Field of Science

Perfume for the gods

Almost two years ago, I relished giving a departmental seminar on a novel theory of smell by Luca Turin, which proposed that we smell molecules not by their shape, but by their vibrations. The seminar was largely inspired by this book, which then encouraged me to explore the fascinating literature on smell. Turin's theory was then largely discounted, although it predicted that dimethyl sulfide and dimethyl sulfide-d6 would smell different because of different vibrations of the C-H and C-D bonds. I tested this hypothesis myself and indeed could detect a slight difference in their smell. All ten of of my test subjects also could.

A critical editorial in Nature Neuroscience, based on an experiment conducted in Rockefeller University, dismissed the theory with what I thought was a little too much chutzpah. But now, in an article published in the Physical Review Letters, Turin's theory seems to receive support. I still have to read the details; not that the equations of quantum physics are exactly at the tip of my tongue, but still.

Turin has also come out with a book about smell and the science behind it. I just got a copy from Amazon and have started on it. One thing that you have to appreciate about the man is his fine perception of smell, as both science and art, as well as his wide-ranging knowledge. His descriptions of smell are sometimes poetry exemplified, and his ability to nail down a smell in the weirdest description is uncanny ("...smells like the breath of a newborn infant mixed with its mother's hair spray").

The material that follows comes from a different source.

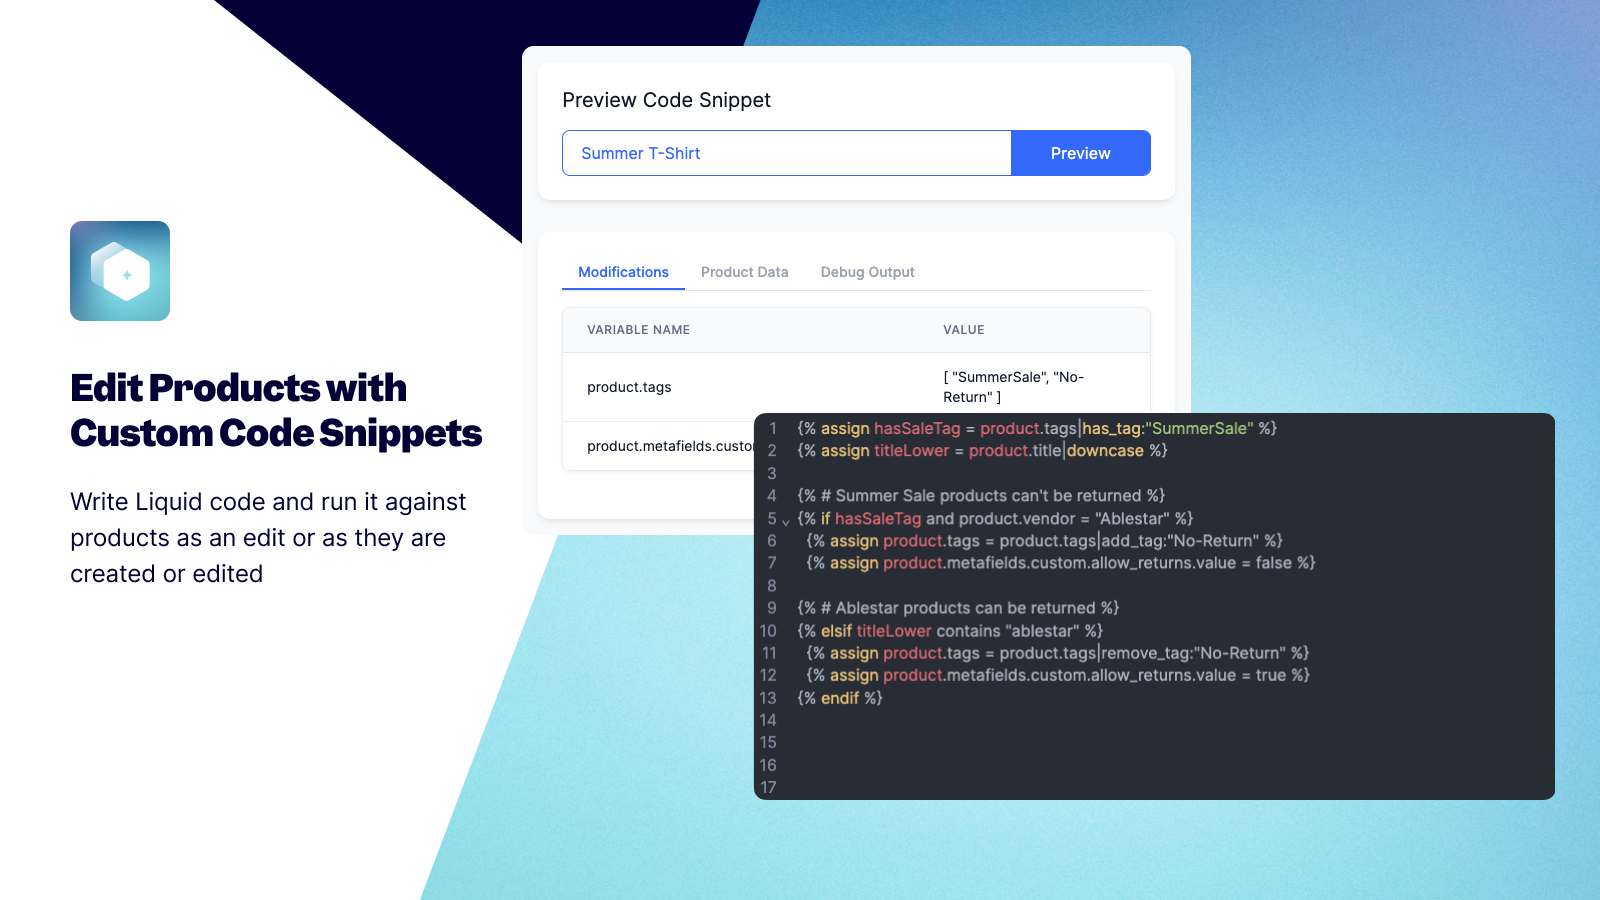 Bulk edit your products with Liquid code snippets

On the other hand, the science in the earlier book was sometimes pretty sketchy, and Turin's words about why the holy Angstrom is an appealingly natural unit are not entirely scientifically appealing. He says that the Angstrom seems very natural, because a C-C bond length is about 1 A. Well, a C-C bond length is 1.54 A, very different from 1 A as chemists will realise, and saying that a C-C bond length is 'about' 1 A is alarming. On a similar note, the difference between a C-C and a C=C is 'only' 0.12 A, and yet it makes a world of difference in the chemistry. As they say, chemistry (and biology) are worlds encapsulated within 0.5 A and 2kcal/mol.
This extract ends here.